One of her final comments to Shinichi is that parasytes and humans are “two halves of a whole.” They are now the two top predators on Earth. However, since the parasytes are a new species, and therefore like children, they have a lot to learn from humans. She tells Shinichi not to bully the parasytes since they have the ability to learn all that she discovered. They just need guidance in order to do so.

In the end, her sacrifice goes against the parasytes’ instinct of self-preservation. She defies what is believed to be the natural behavior. This further proves her species’ ability to adapt and co-exist with humans.

So, Why Should You Care?

Okay, you’re probably thinking “I get it, Bella, PARASYTE is thought-provoking…but how in the world does this apply to me?”

Migi and Reiko are outside life forms looking into the way we function as humans. Of course, Reiko is more concerned with her species. Migi wants to understand the logic behind Shinichi’s emotions. However, they nonetheless offer fresh perspectives to concepts like destiny and creation.

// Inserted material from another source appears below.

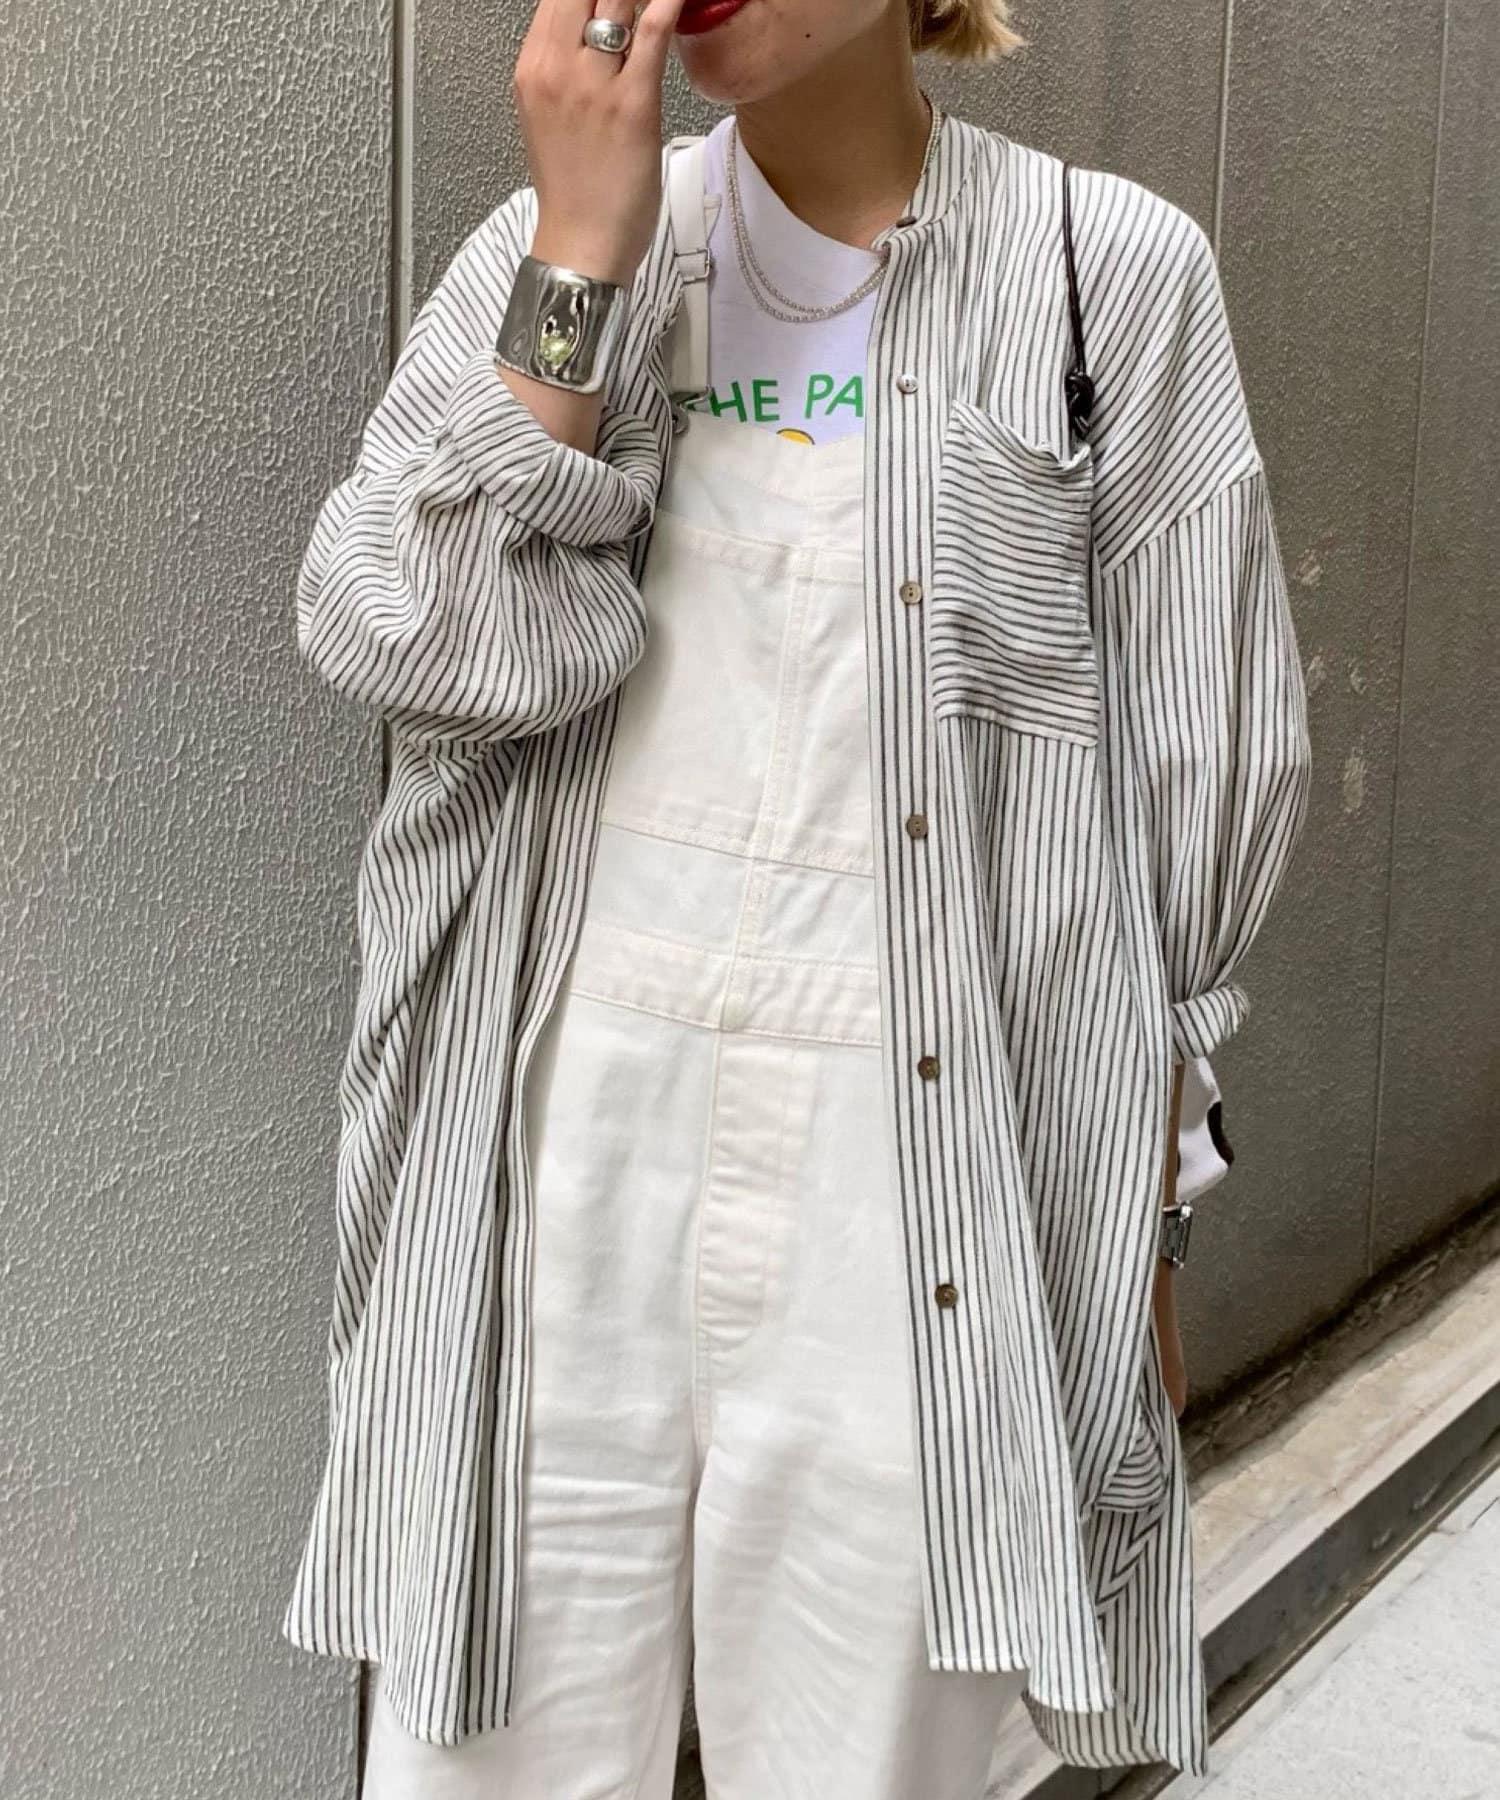 SHENERY(シーナリー) オーバーチュニックシャツ

As viewers, we are constantly seeing both sides of the story. We have the accessibility to watch the parasytes and hear their thoughts as they navigate the human world. We’re also able to watch Shinichi closely as he develops as a character and literally evolves with parasyte DNA. His interactions with Migi, Reiko, and the other parasytes are also unique. He is able to communicate with them in a way that is unable to do with the other humans.

A Different Kind of Conflict in Parasyte

No definition of good or evil exists in the series. Migi argues there is no good or evil in the natural world. Even Gotou, who is the antagonist, becomes a sympathetic character when Migi refuses to kill him. This makes it incredibly hard, as a viewer, to cheer for a specific side.

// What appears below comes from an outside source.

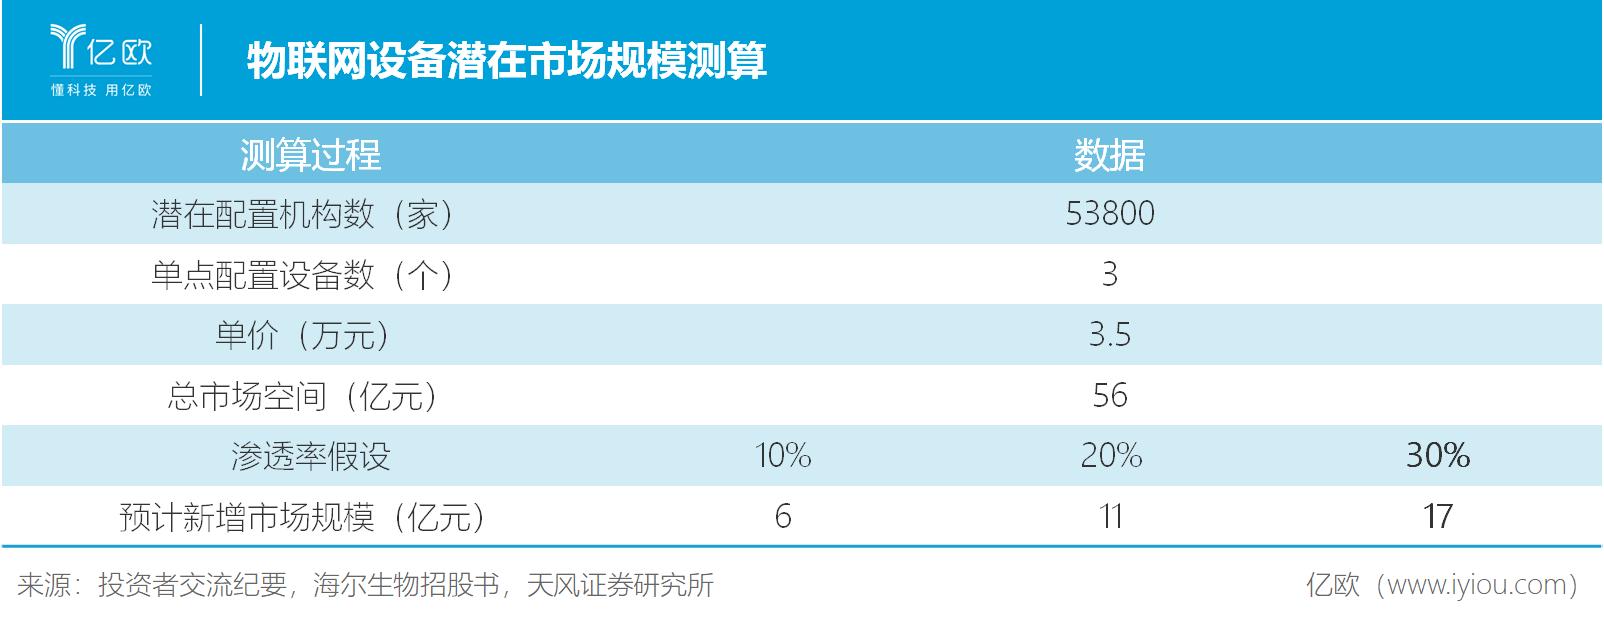 物联网设备潜在市场规模测算.png

As the series ends, we are left to consider the same questions and perspectives that Shinichi, Migi, and Reiko present to us. Eventually, the rest of the parasytes realize they don’t need to be cannibals. They are able to live side-by-side with humans. Nonetheless, they are still parasytes as they still need a host to live. Keep in mind, though, about how they take over their host’s body: I guess as long as the humans don’t see them physically kill someone, it’s okay! (Can you sense my sarcasm?)

The world may seem like a better place now that the two top species can co-exist, but there still isn’t a definitive sense of closure when you remember everything that happened in the first place. I don’t mean this in a negative way; I’m saying that that lack of closure only enhances our existential crisis because we’re still left asking questions.

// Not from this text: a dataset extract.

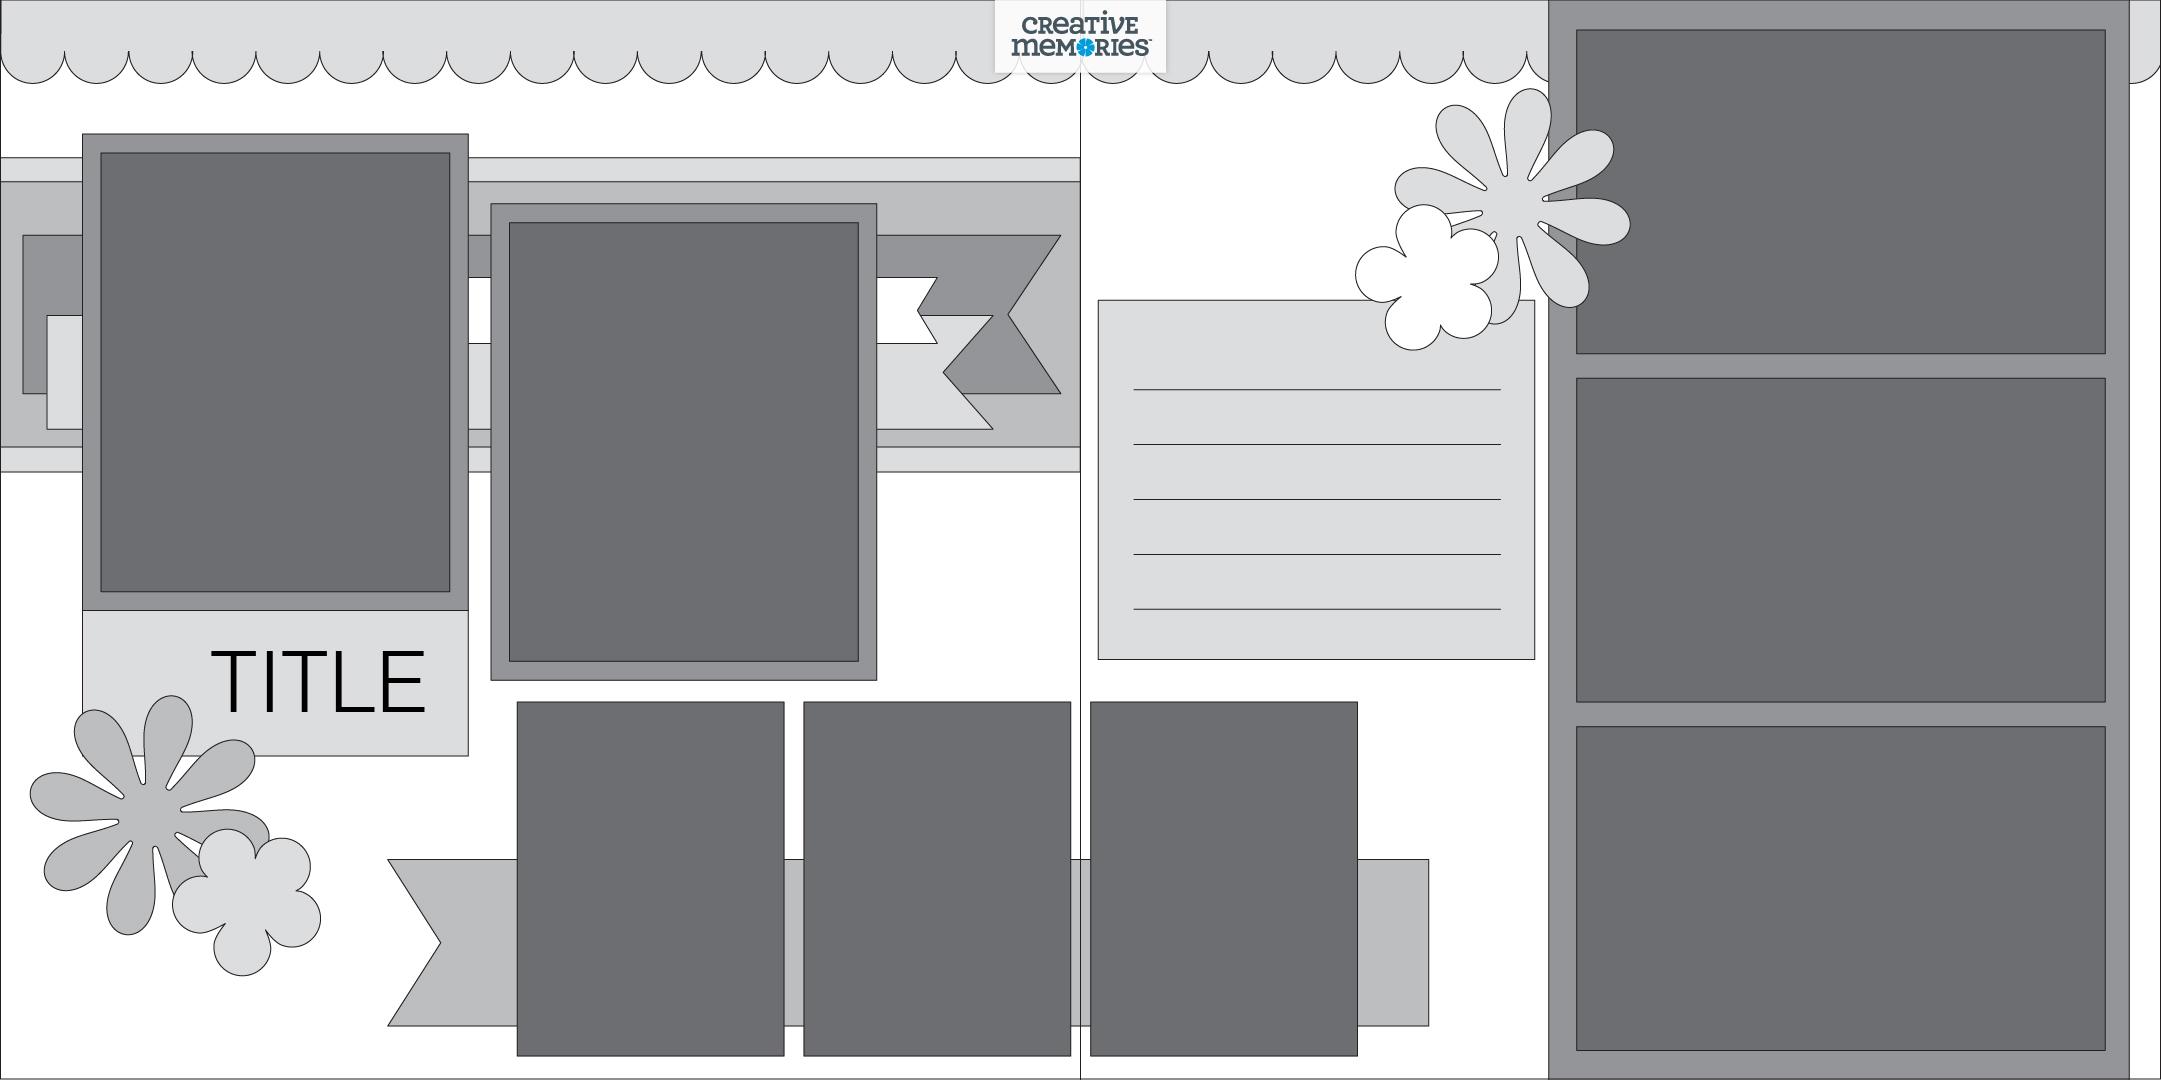 Creative-Memories-October-Virtual-Crop-Sketch-Layout6

And this all happens in one, single season.


  1. Shalomchild

    May 1, 2017 at 6:06 pm

    I actually enjoyed the series and the anime. However, the newer generation honestly ignores the fact on what it means to be human and are we so different from each other ?


  2. Soren Sum

    December 5, 2016 at 2:01 am

    Great read! I thoroughly enjoyed the examination of what it means to be human from this series. I finished the manga ages ago (also good) and the anime is definitely justice. I still have to finish the anime and I’m quite happy that it represents the manga well minus the changed character designs for some. Reiko was definitely one of the more intriguing parasytes and I kind of fell in love with her. When I first came across this series, I immediately thought of Resident Evil 4. Anyway, this was a interesting read and can’t wait to go back and finish the anime.